Over on Muffwiggler, Jesse Mejia has put together a layout of the famous booming Roland TR-808 bass drum with a couple of common mods (a pot for tuning the pitch, and extended decay time). Jesse’s layout also includes the “trigger glue” that Eric Archer talks about, which is necessary for conditioning the incoming trigger pulse.
I got mine, and it’s pretty small. The pic above is next to a 2p coin, not that it’s easy to gauge the size at that silly arty angle.
Rather than bung it on the pile with the rest of the unfinished PCBs I built it up dead quickly, and here it is, no box yet –
I followed along with Jesse’s BOM, with a couple of minor differences where I didn’t have the right values. I used a JRC4558 rather than a TL072 for the dual opamp, although I couldn’t tell much difference. I couldn’t find a 5.9k resistor in my box of bits, so cobbled something together for a measured 5.98k – can’t think it would change much. Also I used a 43k resistor instead of the specified 42.2k – this is for extended decay (R169 below).
I got something working that was ok-ish from my stripboarded 12v power supply, but when I checked it against my Oakley 15v PSU it was really lacking. Initially I thought this was a deficiency of running it at 12v, but (on Jesse’s suggestion) checking at 9v with two PP9 batteries in series proved that wrong – there must be something wrong with my 12v supply. Essentially it sounds ace at 9v or 15v.
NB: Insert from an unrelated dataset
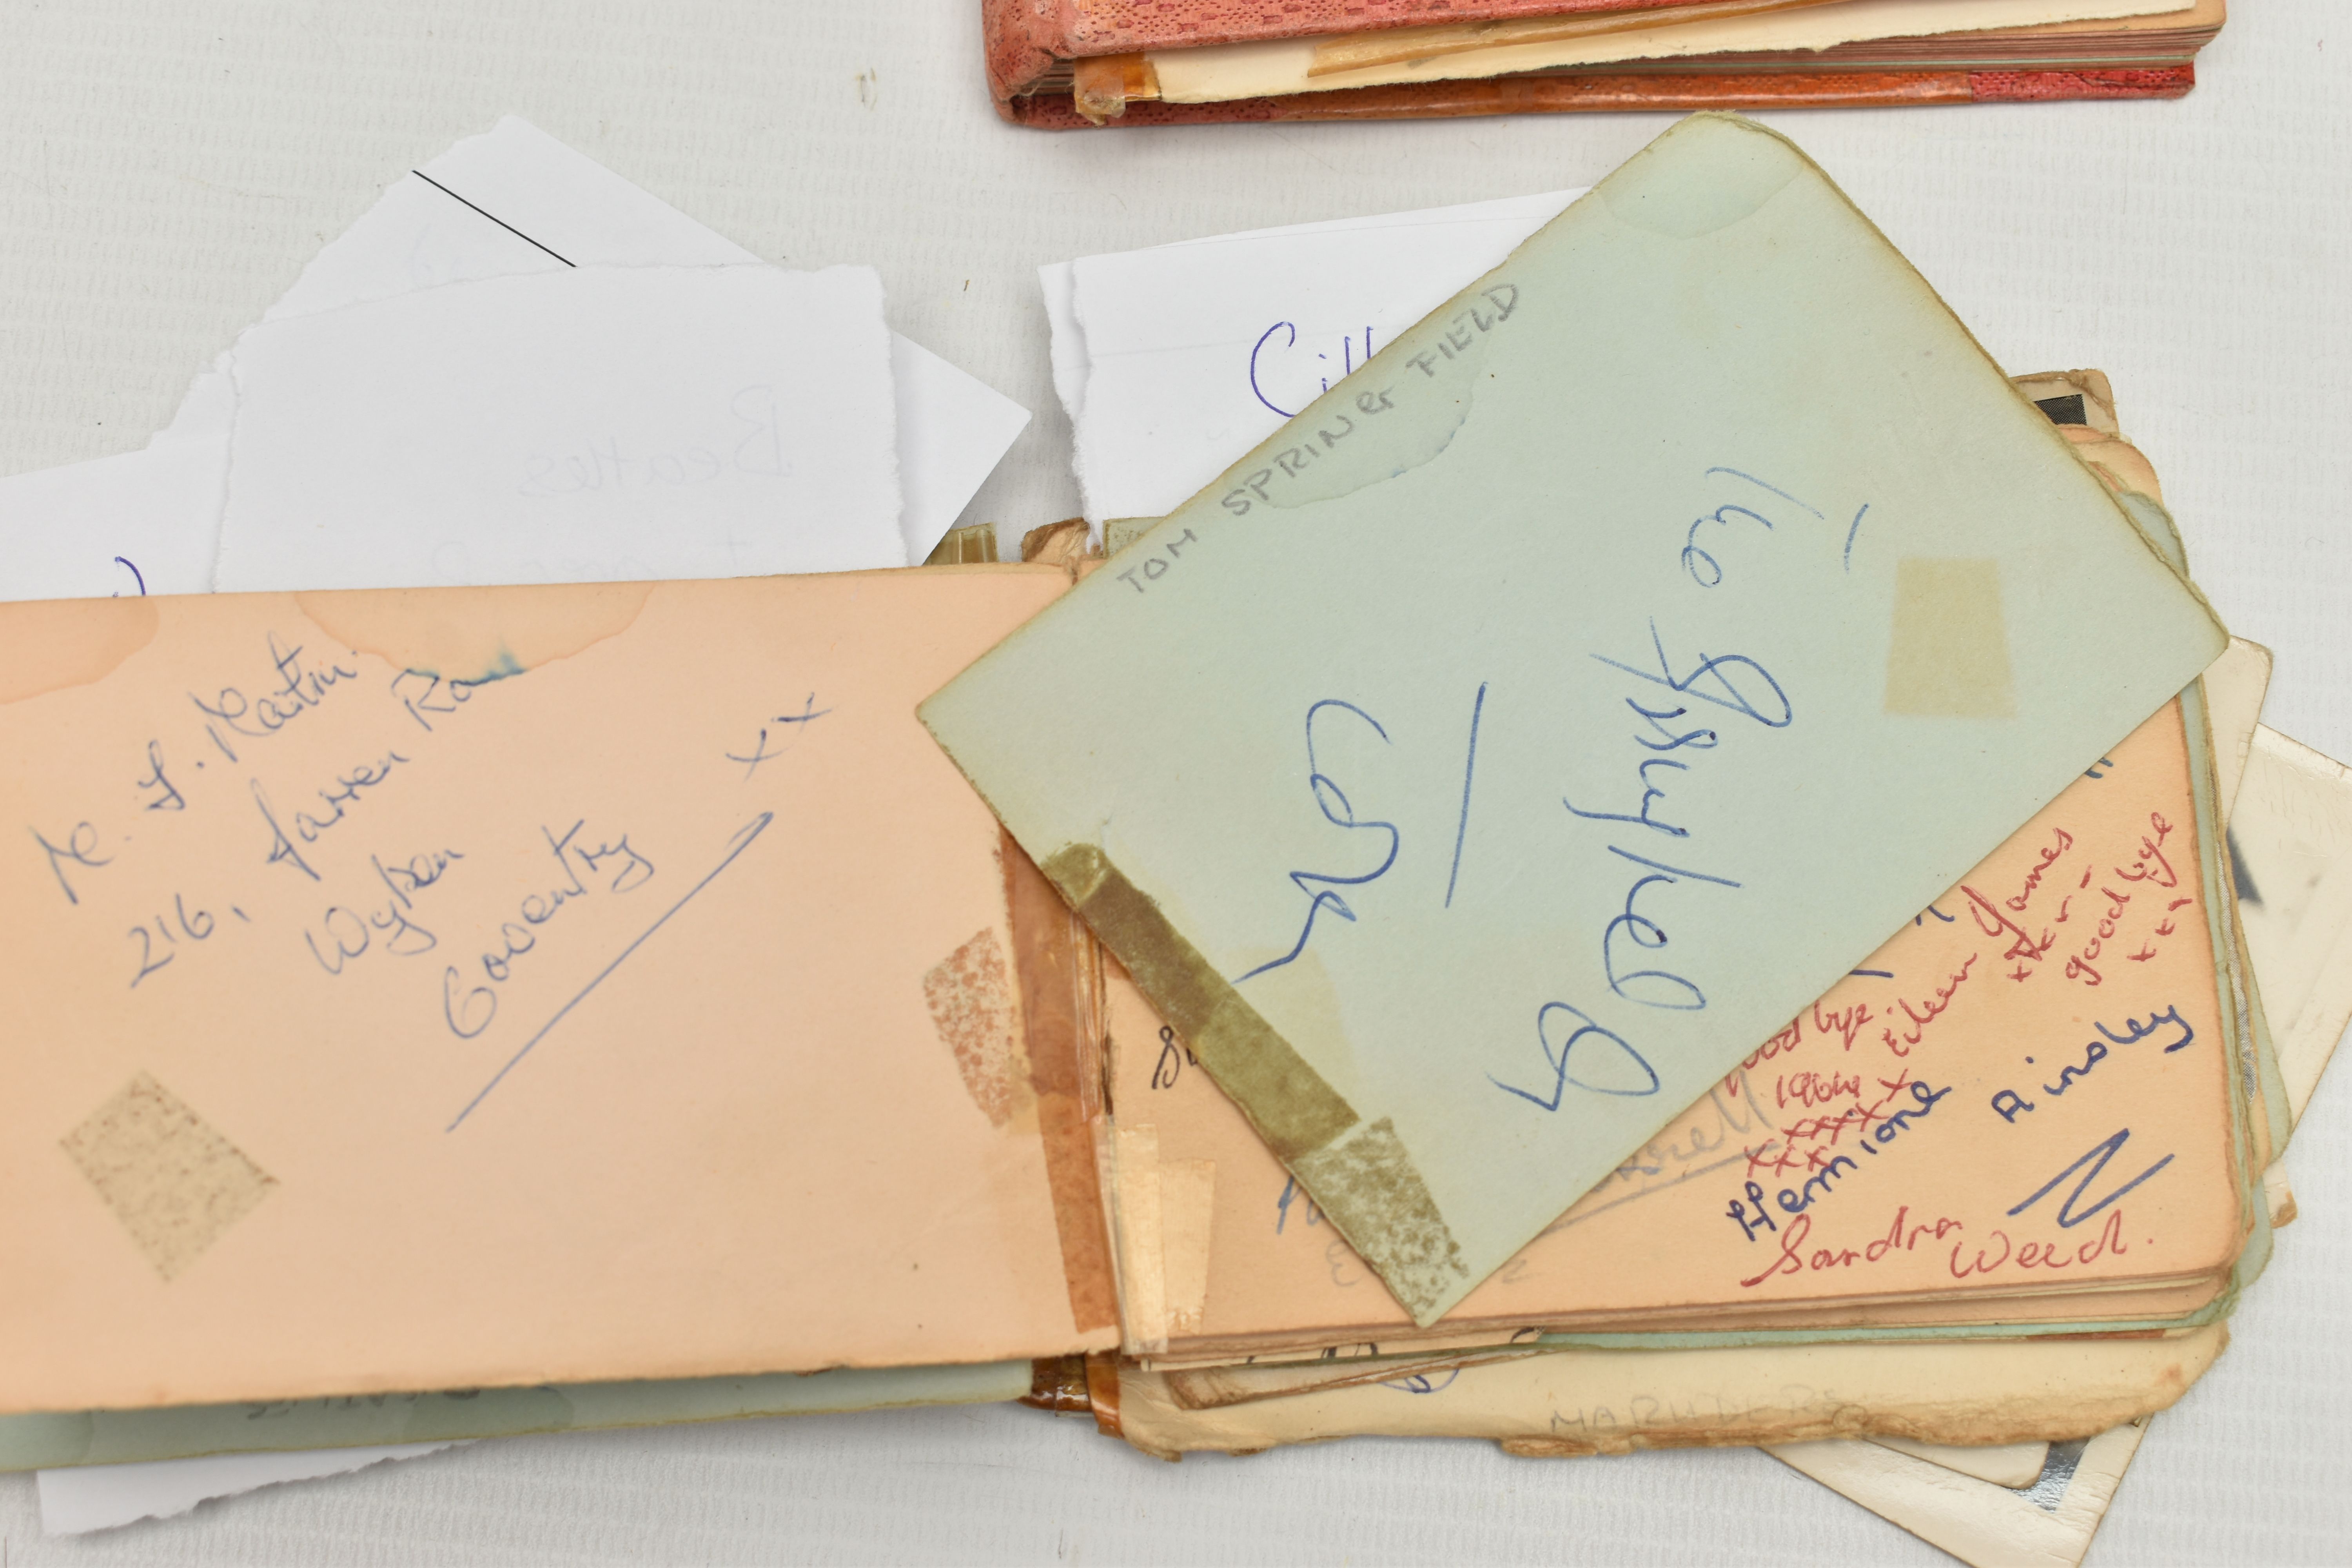 THE BEATLES AUTOGRAPHS, two autograph albums and two photographs, the Woburn Abbey autograph book is - Image 17 of 22

I recorded a couple of straight long decay, four-to-the-floor demos from different power supply voltages, both triggered by a TR-606 from the tom outs, all notes accented. You might need to jack the volume up and listen on decent headphones or speakers. Both demos are at the same relative volume.
Here it is on 9v:
and on 15v, which is what the original 808 would have been powered by:
The 15v version sounds slightly overdriven to me, but it’s not apparent from the waveform.
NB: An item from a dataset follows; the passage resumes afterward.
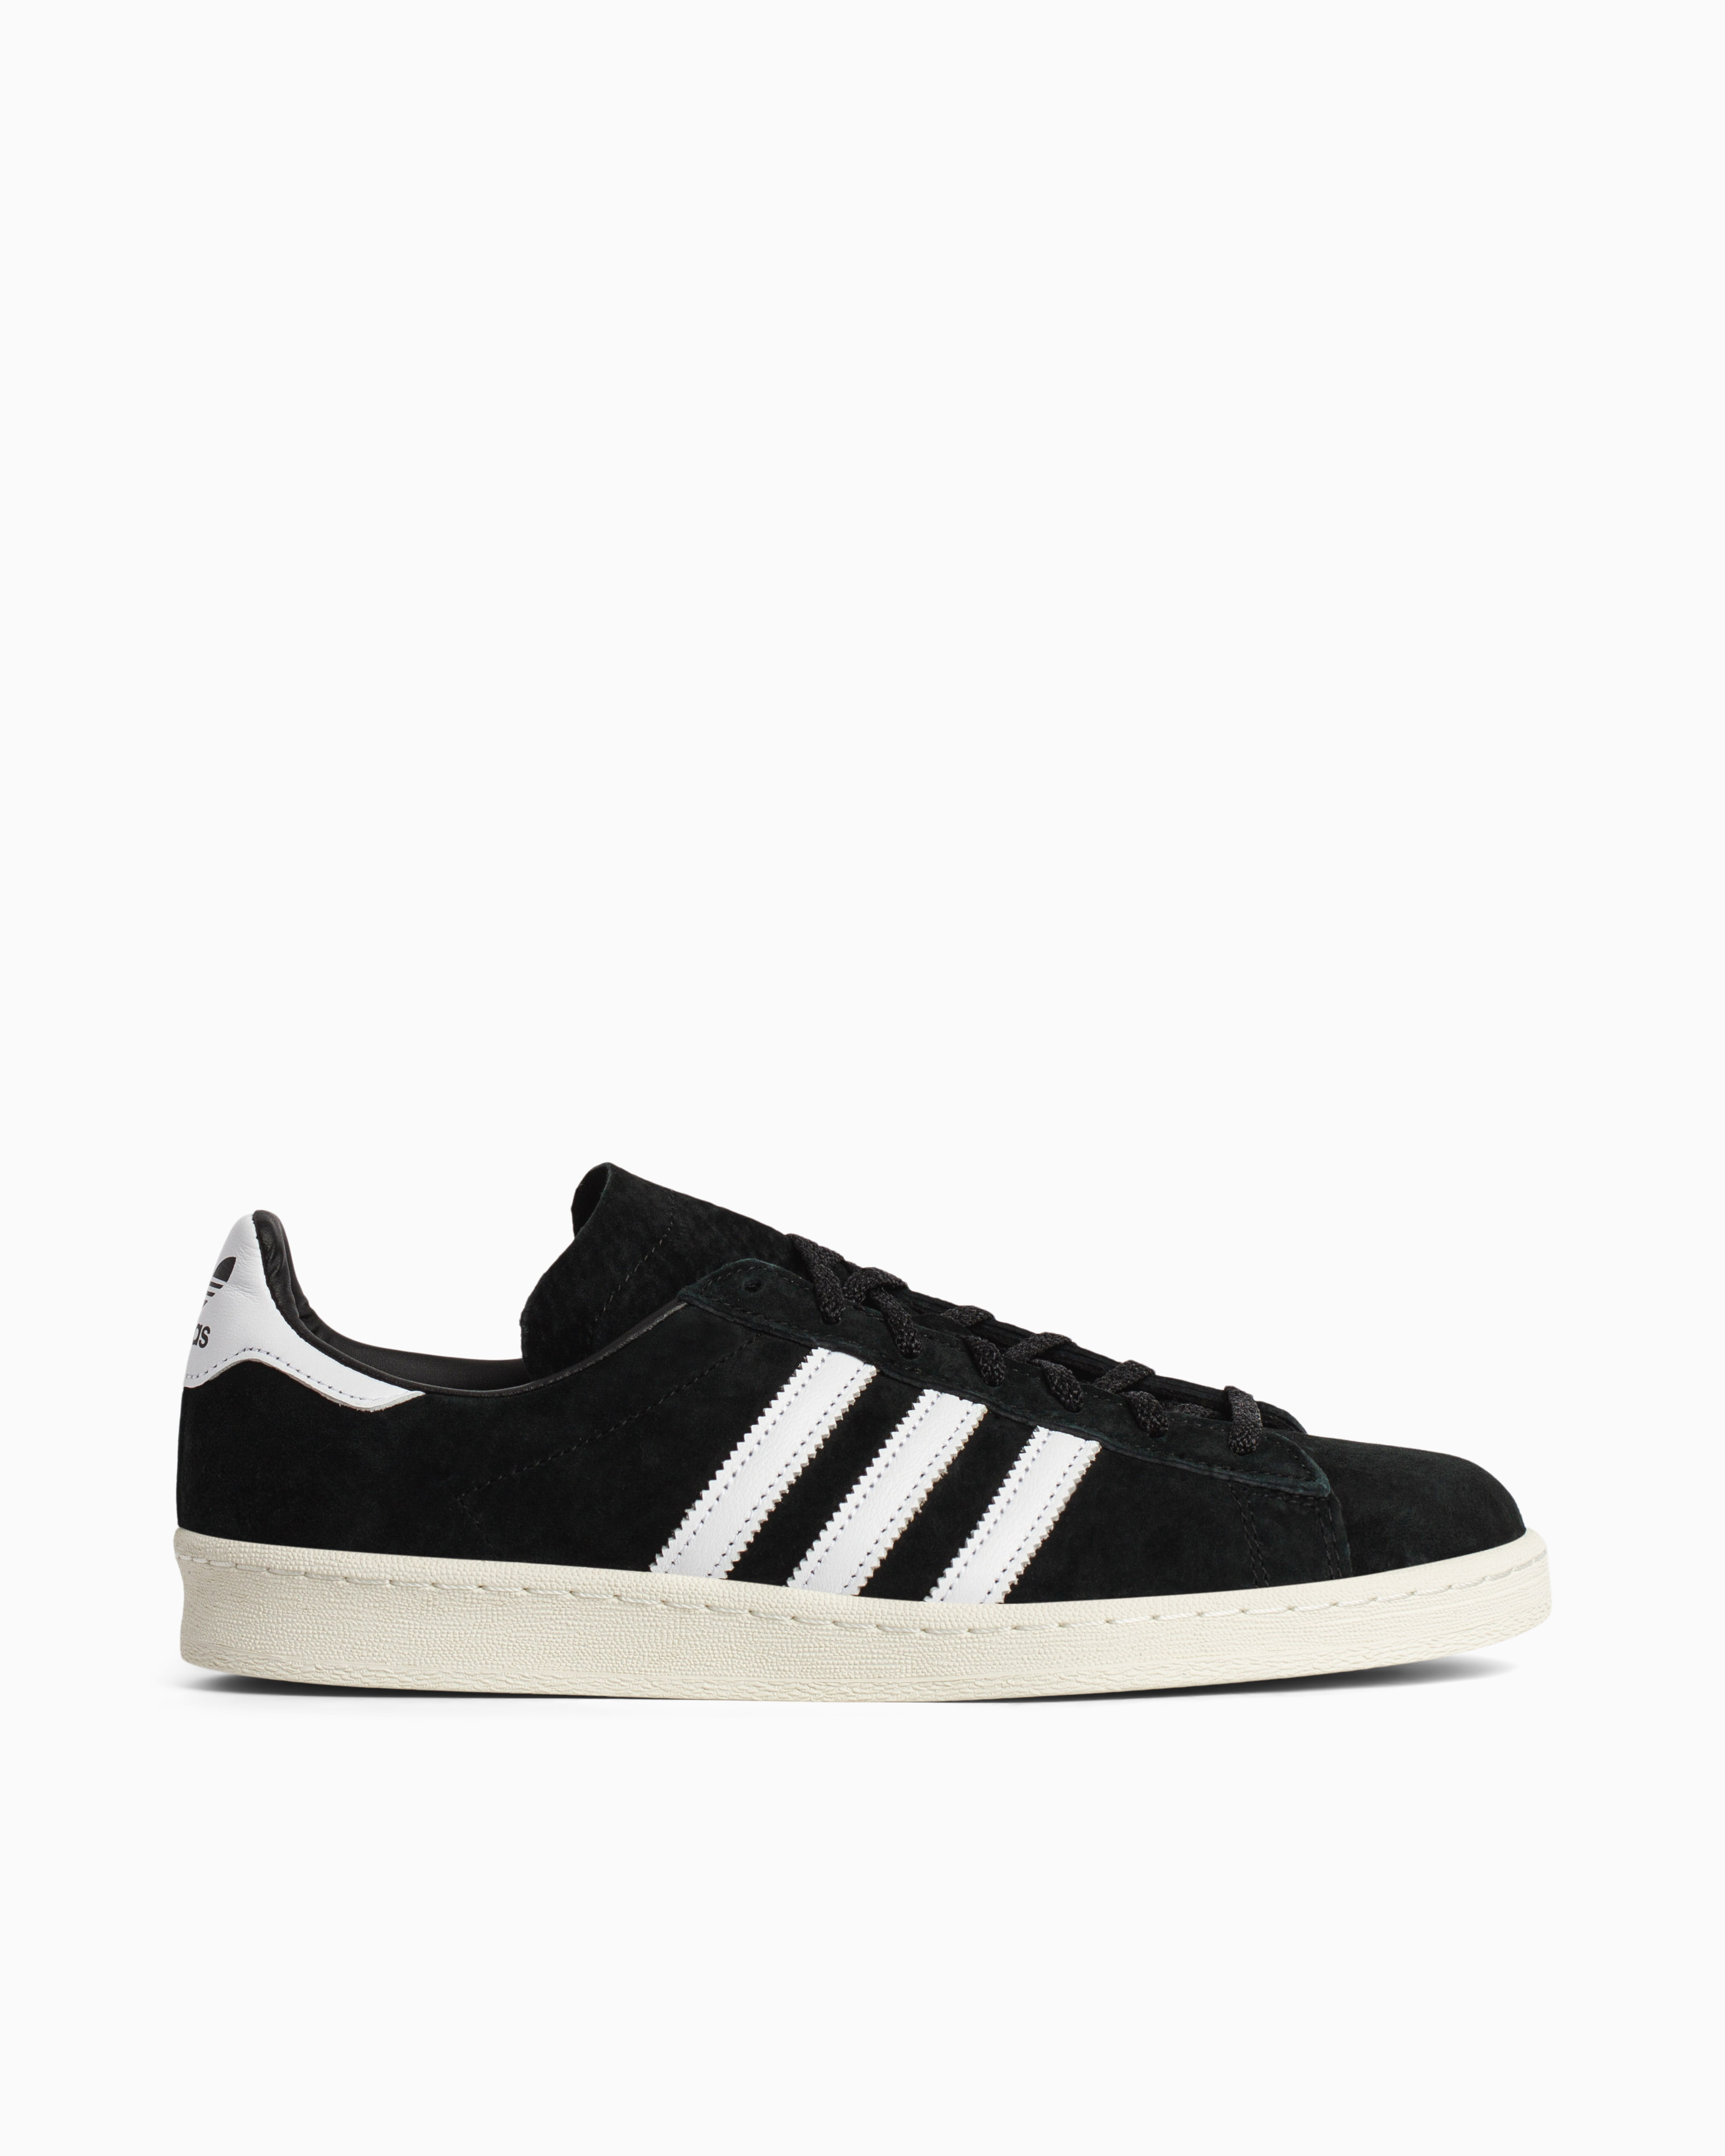 Campus 80s by adidas

At 9v the initial click stands apart from the follow-on decay:
And at 15v there’s less of a jump in amplitude between the click and the decay. I look at this and it says BOOOOOOOOOOOOM.
By default, the 808 bass drum won’t sound without some sort of voltage going into the accent input. I tied a 10KA pot wired as a voltage divider to feed in between 12 and 15v to the accent, with the external accent input tied to this point via a diode. This means that I can turn the accent pot up to get a constant, full level boom, or turn it down a bit and use an external trigger to add in accents.